10 novembre 1614 – Borgo San Giuliano sommerso dalla fiumana e abbandonato
10 Novembre 2024 / ALMANACCO QUOTIDIANO
Scrive Carlo Tonini: «Il nostro mons. Villani ci ha lasciato memoria che nello stesso anno 1614, e precisamente il 10 novembre, cadde in Rimini una sì copiosa e straordinaria pioggia, che non mai era stata eguagliata non che vinta da altra».
Ieri come oggi, i cronisti tendono all’esagerazione. Però, al netto delle dotte citazioni classiche, le descrizioni che ci sono giunte disegnano un quadro davvero catastrofico: «I fiumi della Conca, dell’Aprusa (l’Ausa), della Marecchia e del Rubicone essersi tanto innalzati sopra il letto loro naturale, e aver si fattamente allagate le circostanti campagnije, da potersi a quella alluvione ottimamente applicare i versi della Metamorfosi d’Ovidio, ne’ quali è si vivamente descritto il diluvio di Deucalione e di Pirra. E quindi il sobborgo di S. Giuliano essersi dovuto dagli abitatori abbandonare, facendo quasi luogo ai pesci, che colle irrompenti acque vi entrarono».
Pesci che entrano in città e barche che ne sono spazzate via: «Le navi essere siate trasportate dall’impeto della fiumana fuori del porto, ed ivi conquassate e sommerse: e molto maggiore essere stata la strage e la mina nel mare, essendo periti molti nocchieri e remiganti».
Se sul mare è tragedia, in campagna non va meglio: «Alcuni poderi poi fra la Marecchia e il Rubicone essere rimasti lungo tempo infecondi per le arene e pel luto che aveanli ricoperti».
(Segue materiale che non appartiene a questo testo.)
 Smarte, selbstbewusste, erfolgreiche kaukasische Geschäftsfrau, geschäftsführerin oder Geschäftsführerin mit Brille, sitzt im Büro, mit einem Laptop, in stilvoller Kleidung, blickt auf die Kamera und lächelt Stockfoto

Si deve poi mettere mano a una difficile ricostruzione: «Anche dagli Atti del Consiglio si apprende quanto grande fosse e quanto gran danno apportasse quell’alluvione, perocché si dovettero soccorrere i poveri borghigiani di S. Giuliano; e a curare le riparazioni e il nettamento del borgo furono eletti il cav. Cesare Clementini, Gio. Battista Agolanti e Giovanni Balestra».
Cesare Clementini che per primo stava allora scrivendo la storia di Rimini e andava annotando quante altre volte un disastro simile non poteva immaginare quello che stava accadendo.
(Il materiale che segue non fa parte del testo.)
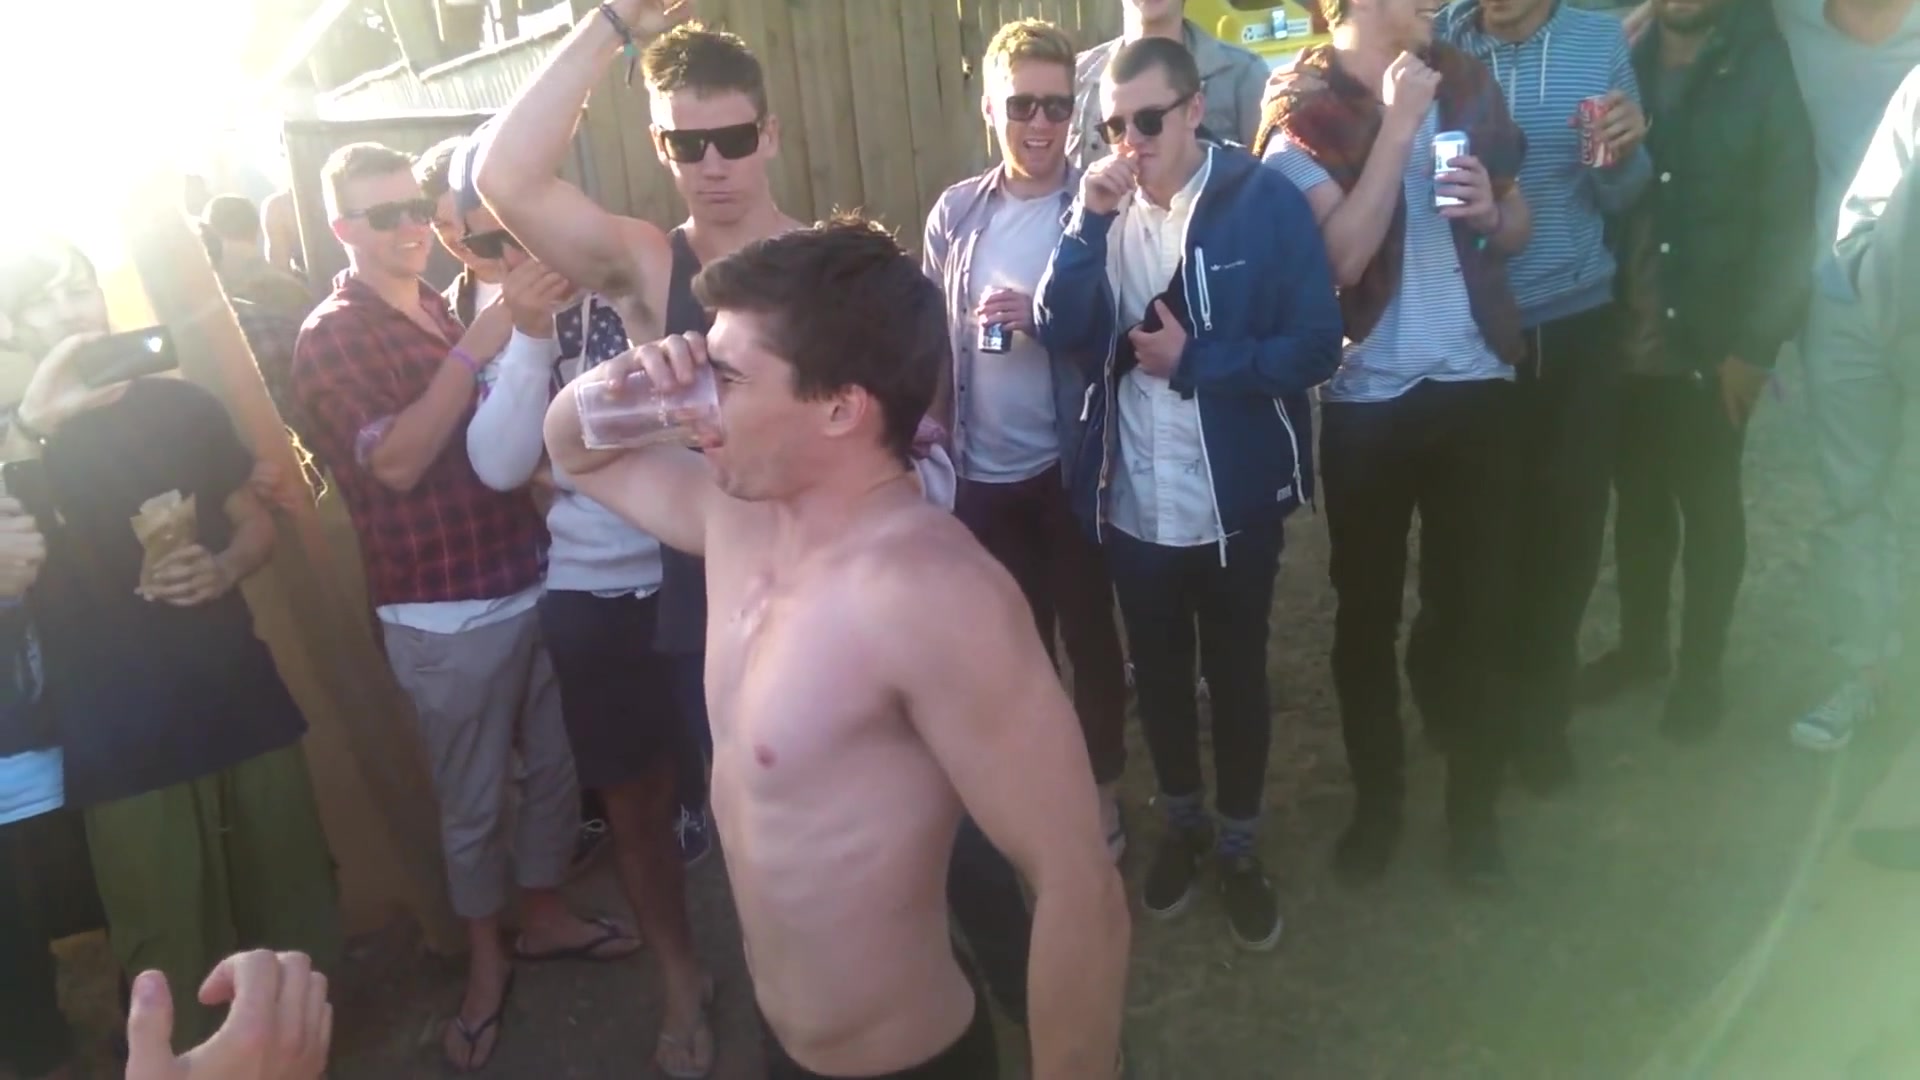 lad drinks pee at festival

E cioè che si era nel pieno della “piccola glaciazione”, un cambiamento climatico che fra XVI e XVIII secolo portò in Europa una diminuzione delle temperature e ripetuti eventi catastrofici, con il loro consueto corredo di carestie ed epidemie.
(Nell’immagine di apertura, “Deucalione e Pirra”, ceramica di pesarese Girolamo di Lanfranco dalle Gabicce, XVI sec.)